This internal blog post might be interesting on planning to create a generically useful name-resolution component based on Popolo data:

https://blogs.mysociety.org/internal/2016/02/16/fun-with-scraping-and-name-resolution-for-pombola/

This work stalled due to lack of development time and reprioritization.

Attendance data

The attendance data at https://www.pa.org.za/mp-attendance/ is from OpenUp ZA and they also wrote the code for that page (pombola/south_africa/views/attendance.py). When they make updates they will sometimes ask us to clear the Django cache which includes that data, with:

from django.core.cache import caches
caches['pmg_api'].clear()

Members' Interests data

Currently OpenUp ZA compile the data for the pombola.interests_register application, and will ask us to then import it. The instructions for doing that are in: pombola/south_africa/data/members-interests/README.md

WriteInPublic

The site uses the API of a WriteInPublic site we set up for People's Assembly in order to provide the "Write to an MP" and "Write to a Committee" functionality. The WriteInPublic site is at:

http://writeinpublic.pa.org.za

... and the interface on the site is accessed via:

https://www.pa.org.za/write/recipients/ https://www.pa.org.za/write-committees/recipients/

The WriteInPublic instance for MPs gets its data from EveryPolitician. There is a cron job that runs south_africa_sync_everypolitician_uuid to match up the IDs of the MPs in EveryPolitician with the Person object in Pombola.
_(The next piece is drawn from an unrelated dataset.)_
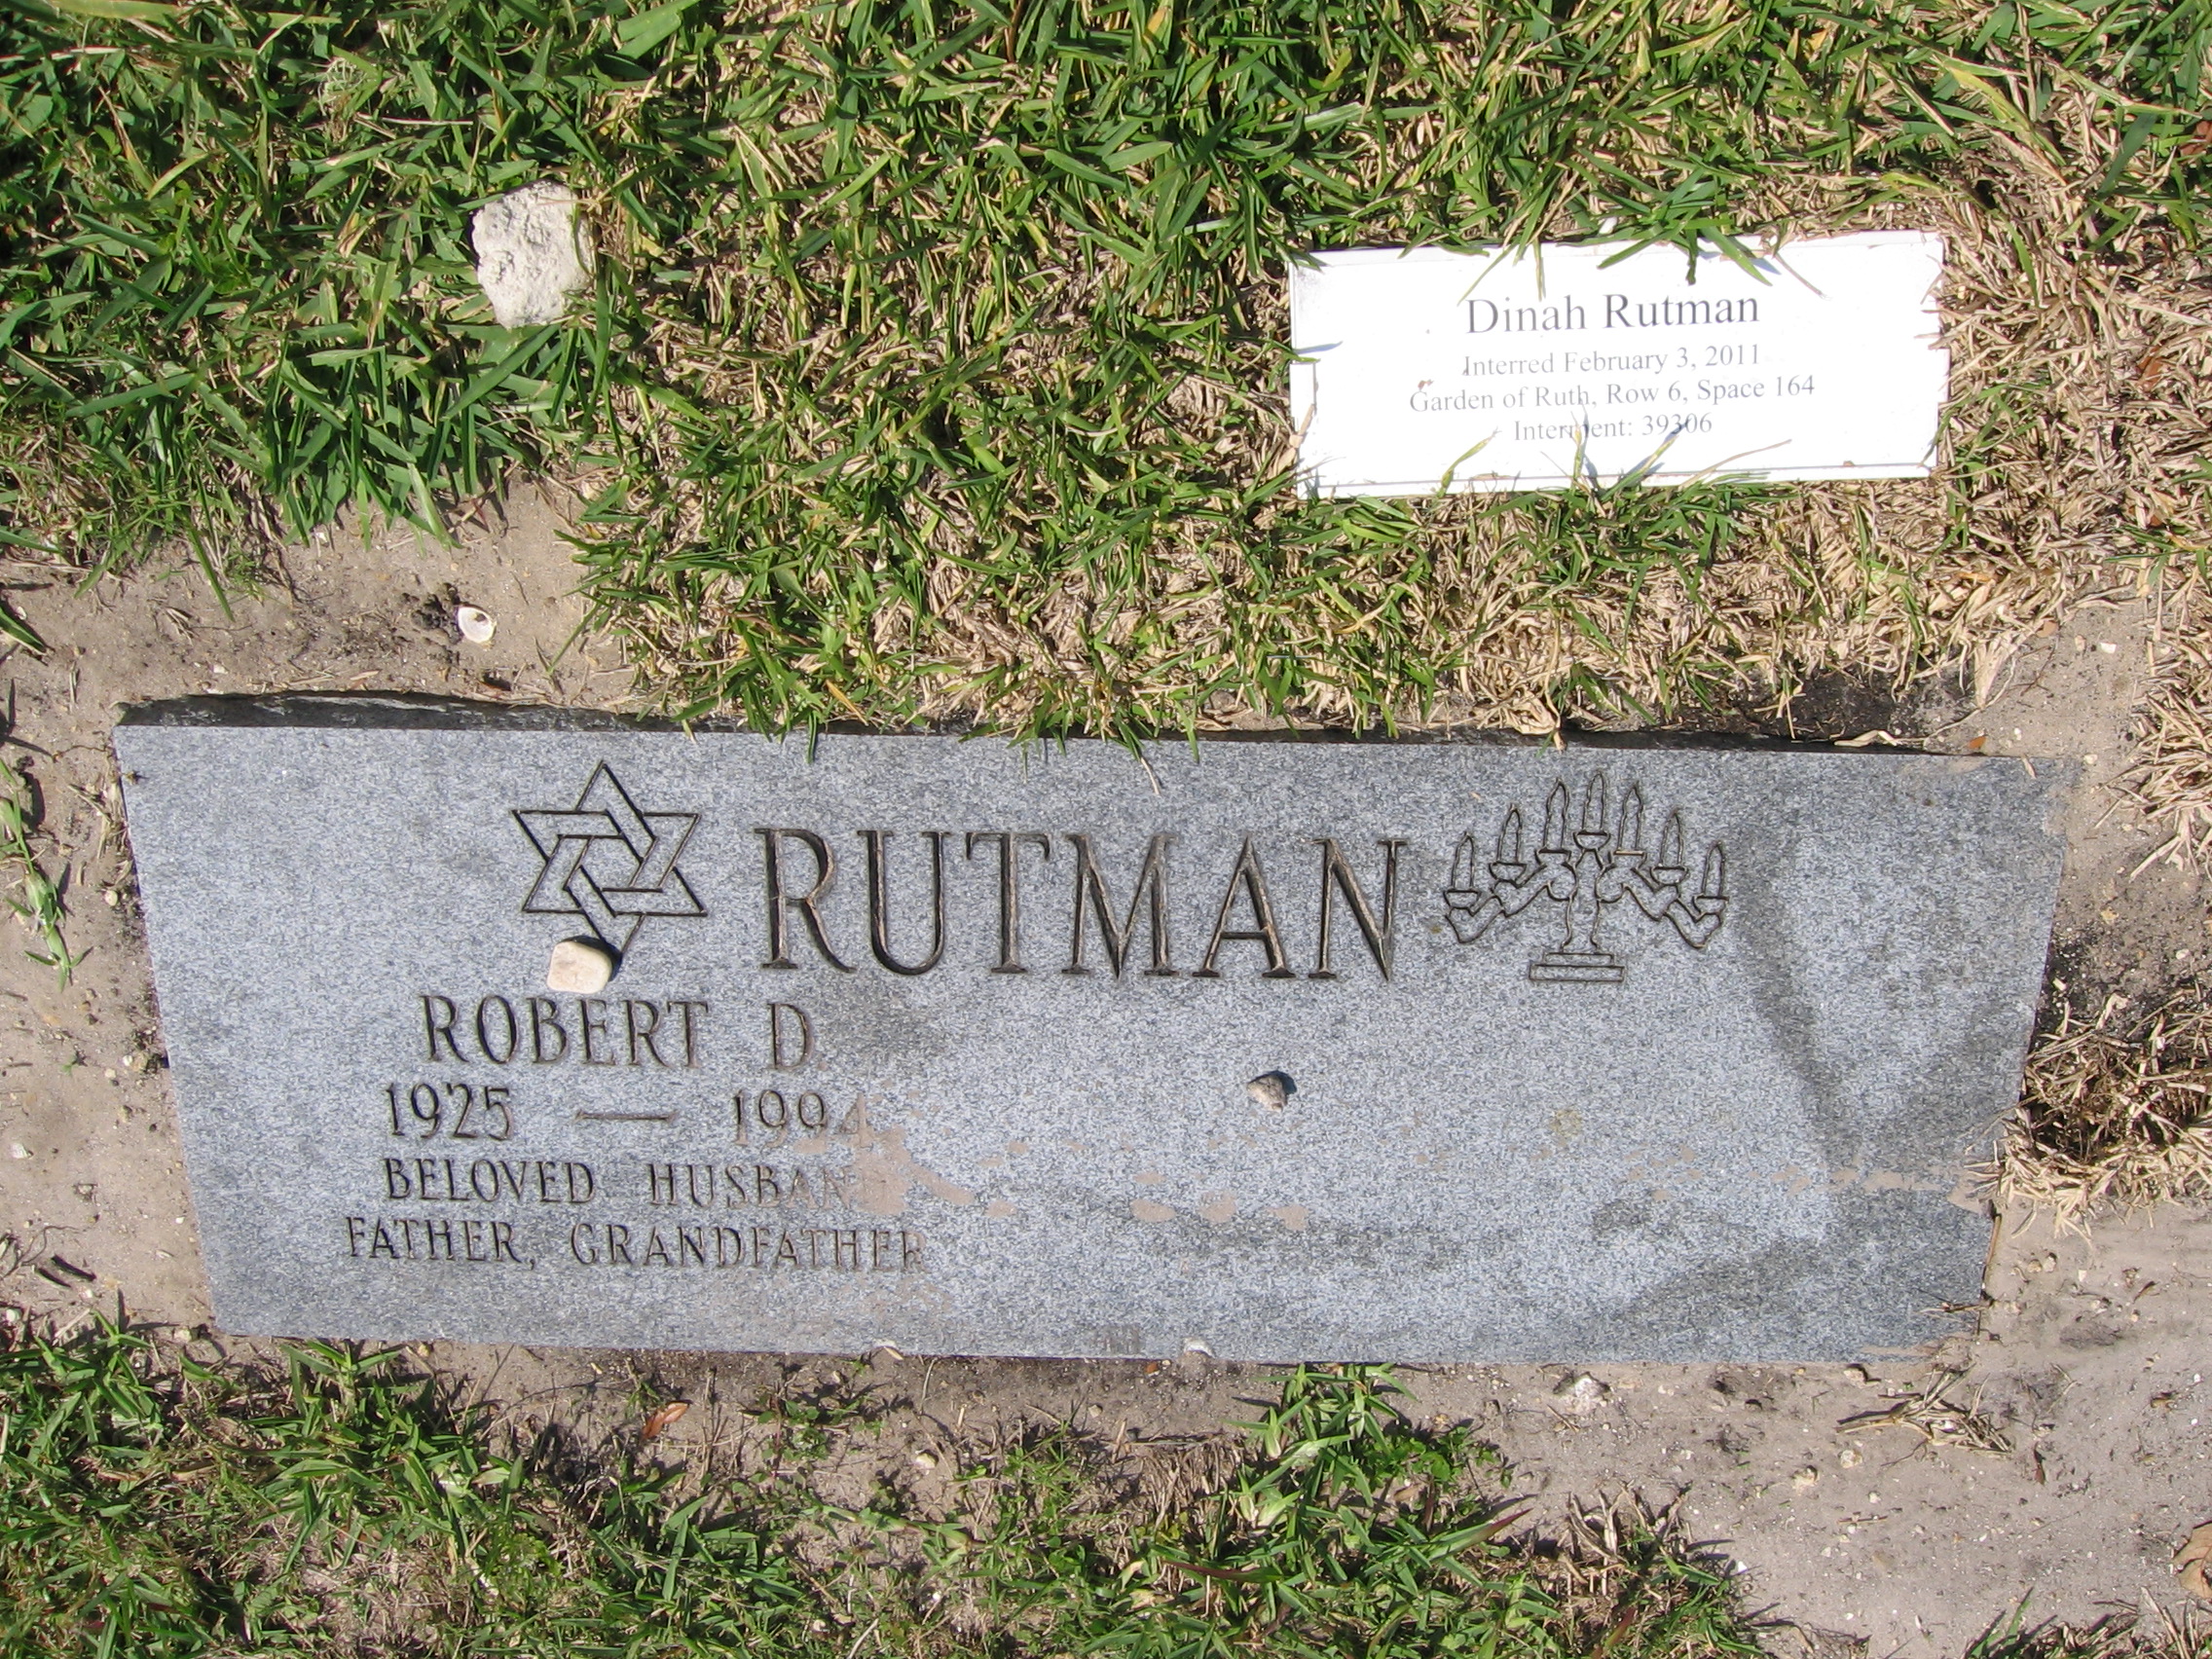 Robert D Rutman

This means that we rely on EveryPolitician being up-to-date. There is a checklist you can follow for doing this here:

https://app.process.st/templates/kTV7gk6CWqb0nPzadl5HNA/checklists/run

The WriteInPublic instance for committees pretends each committee is a person, and gives it the email address of the committee secretary in each case. These are pulled in from https://www.pa.org.za/api/committees/popolo.json - the committees are Organizations in Pombola, with the email address of the secretary as a Contact of kind email.

PMG should be dealing with moderation of messages and finding replacement emails for those that are bouncing in the admin interface here:

http://writeinpublic.pa.org.za/en/accounts/your_instances